For example, I've seen Indians with great English struggle a lot more to fit in and acclimate than French students with poor English but more shared cultural touchstones. As an American, I've found it to be much easier to make friends with Europeans than with students from non-Western cultures—even after controlling for English levels.



I agree to this. As a Non western student I never had any American friends in Collage. After more than a decade living in the US I still don't have any. Primarily because I am introverted but culturally I care less about American sports and music (two big cultural domains).

Edit: Another important factor (at least during collage) is the financial one. As a student from a poor country I had far less financial resources to afford a life style that American students enjoy. For example, I couldn't afford to go out or have a Car.


Never studied in the US but on;

> but culturally I care less about American sports and music

Culturally I do not even understand this fascination with sports; we watch football (soccer) when there is some worldcup on and our country is playing but besides that the whole highschool quarterback and rooting for your teams all seems like wasted time to me. That might be cultural.

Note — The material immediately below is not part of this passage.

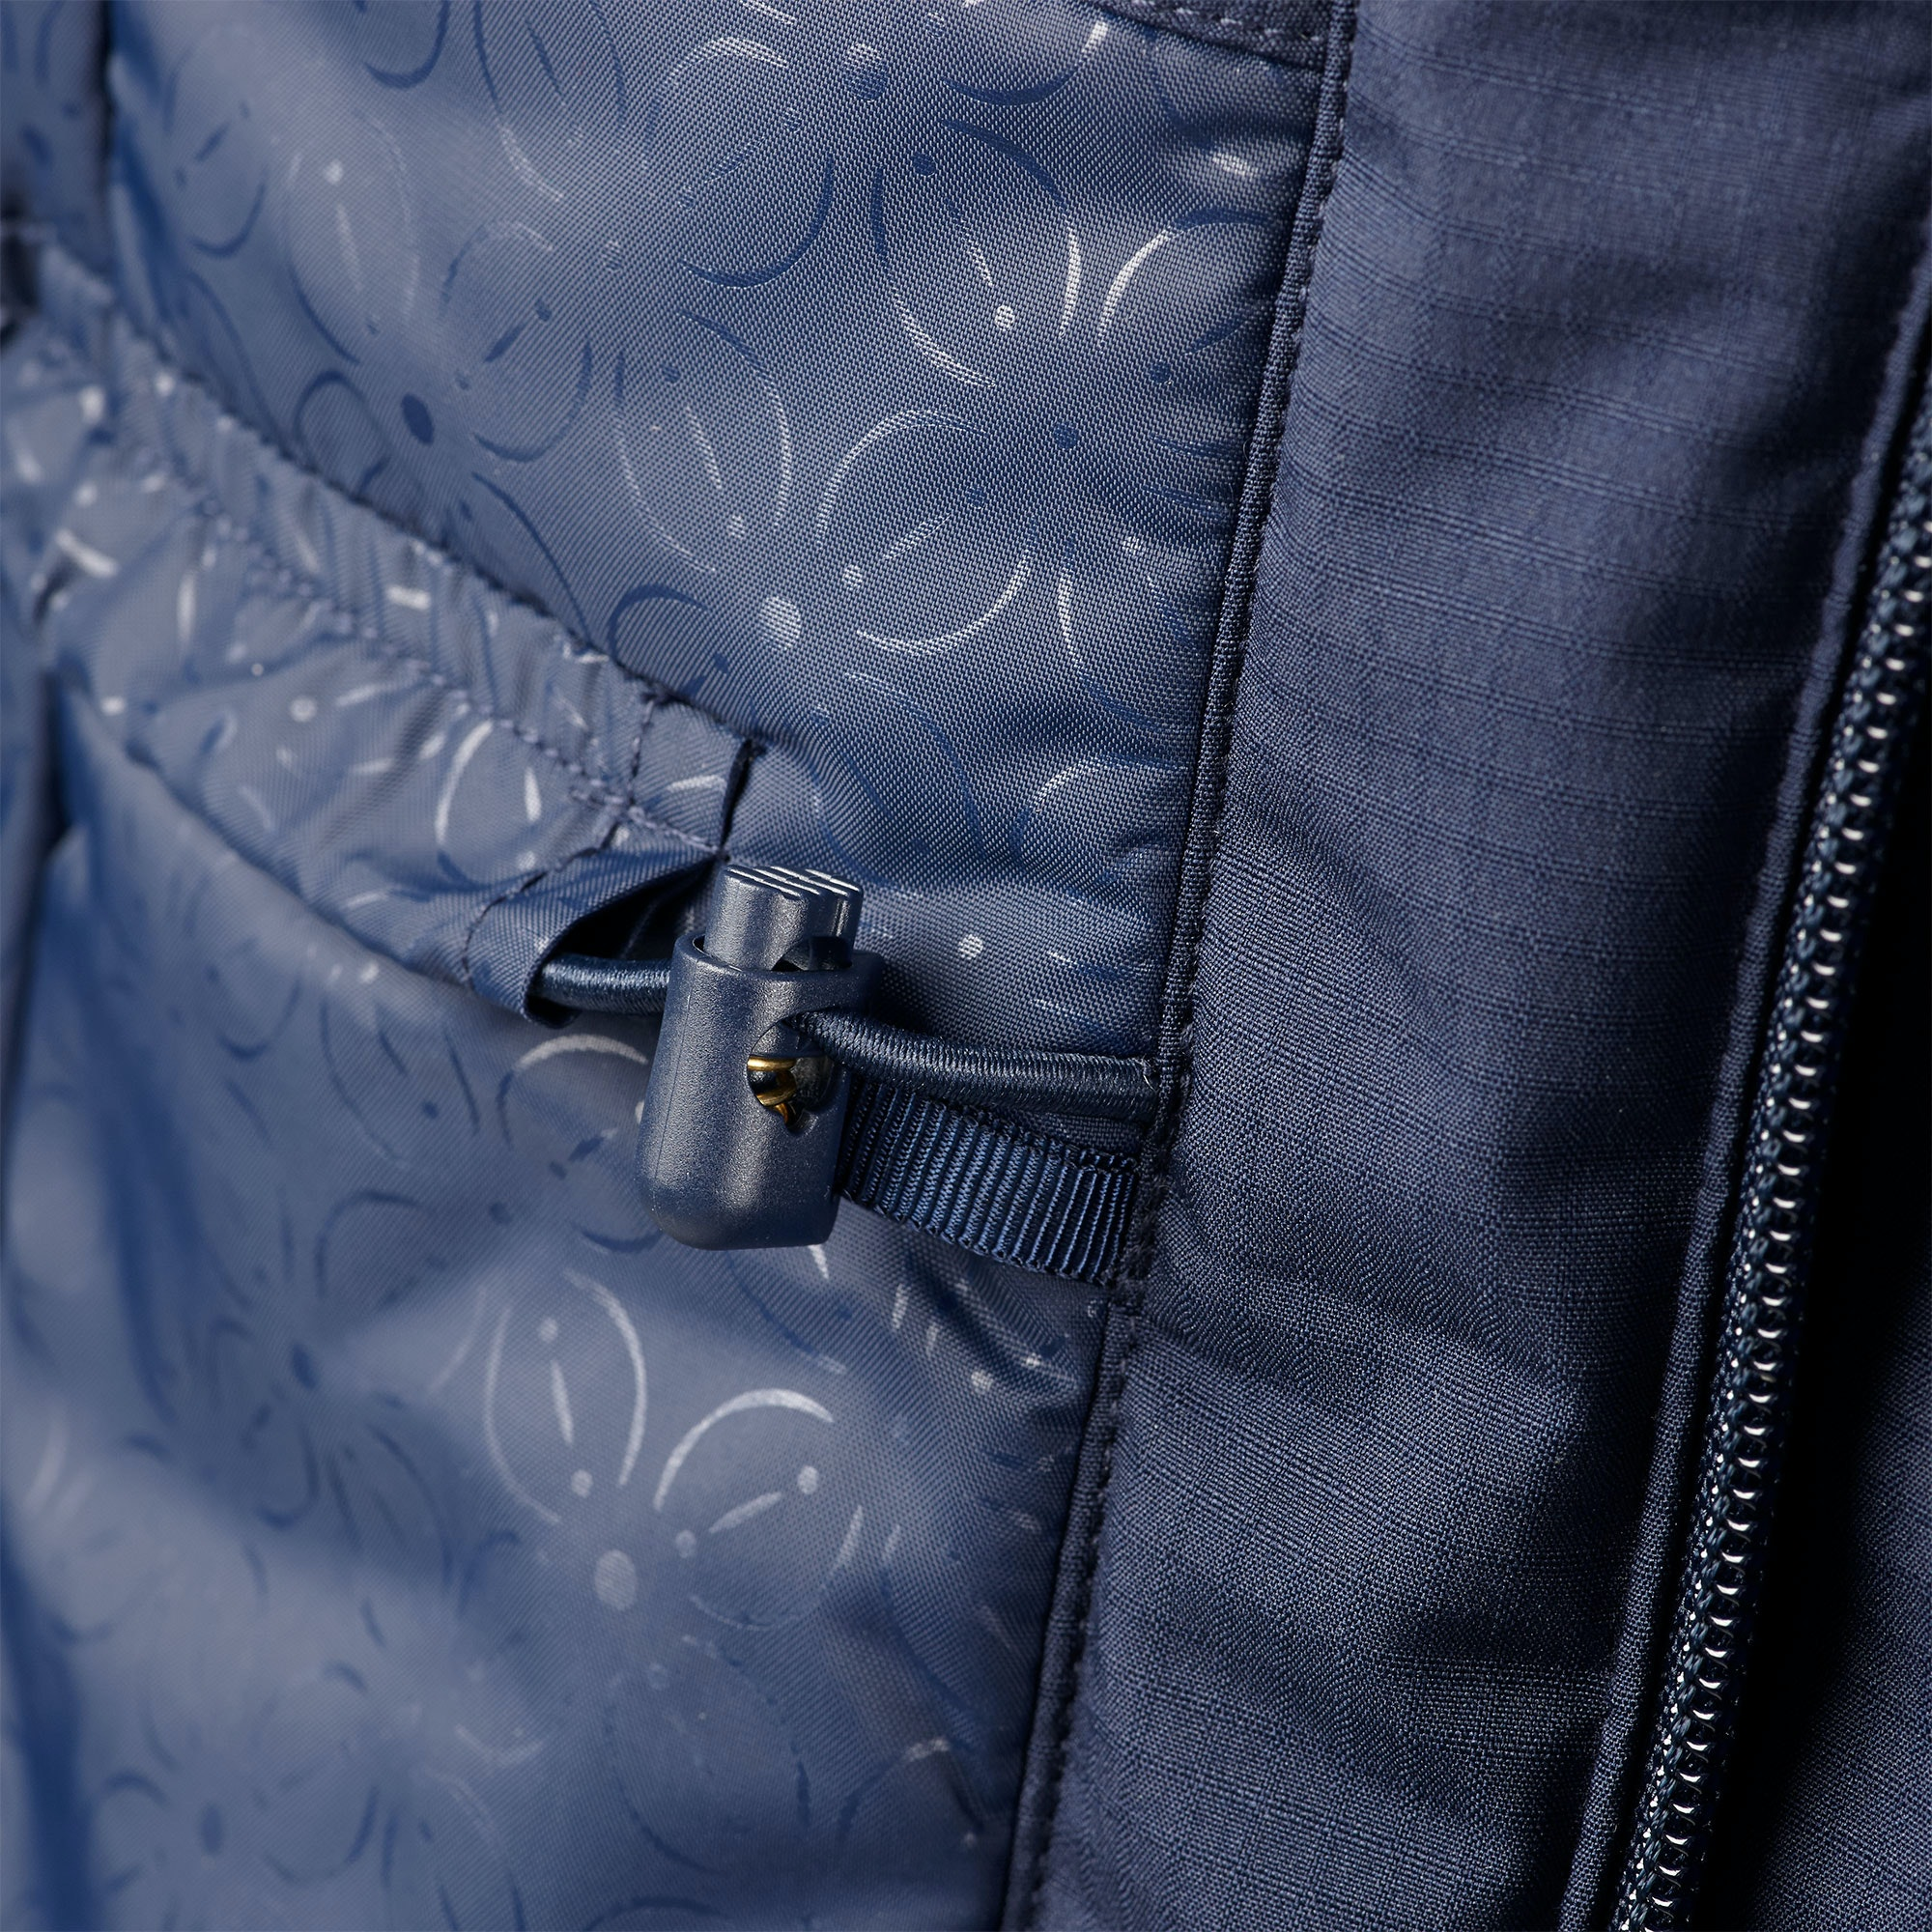 Kathmandu-Percell-Womens-Waterproof-Jacket-Insulated-Long-Length-Trench-Coat-v3
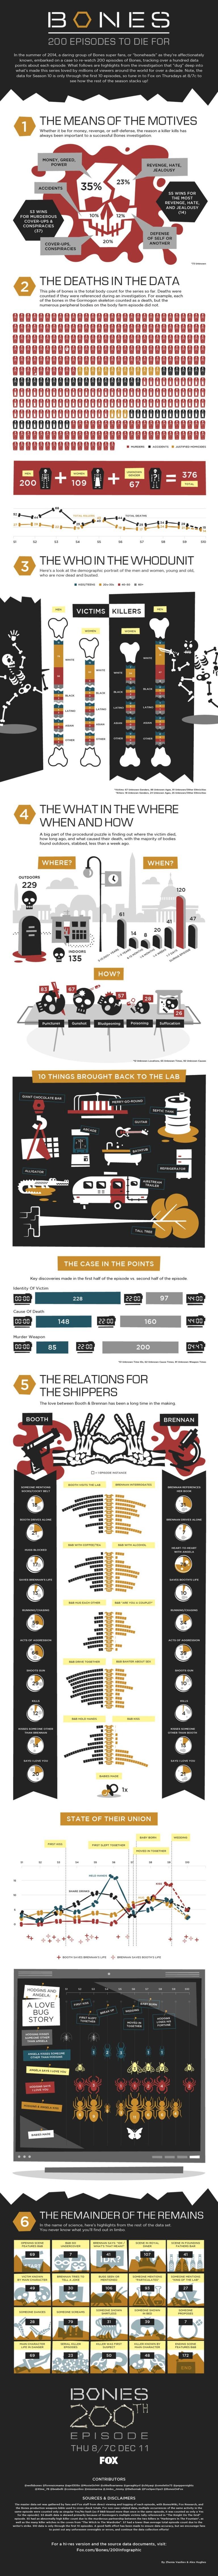 Bones-200th-Infographic-12-4-14-final

But I always turned that into a strength when making friends. If most people do something like watch sports or listen to music I do not like, I find the people that do not; those will be a niche. But I do not seek them out in obvious places with all likeminded people; when I go to AUS or US (and certainly when I was younger and looking for (girl)friends more) I go to sports bars and or clubs (where they will play music I do not like); in those places there will be 1-2 people like me that were dragged along or went along with their friends and who will be bored. Those end up talking with me and sometimes become good friends (two American ex girlfriends and many good friends, some I still do business with like that).


I am American and could care less about football, it does limit a lot of guy relationships if you don't care about watching sports. Playing sports is so much fun though, and a way better way to meet people.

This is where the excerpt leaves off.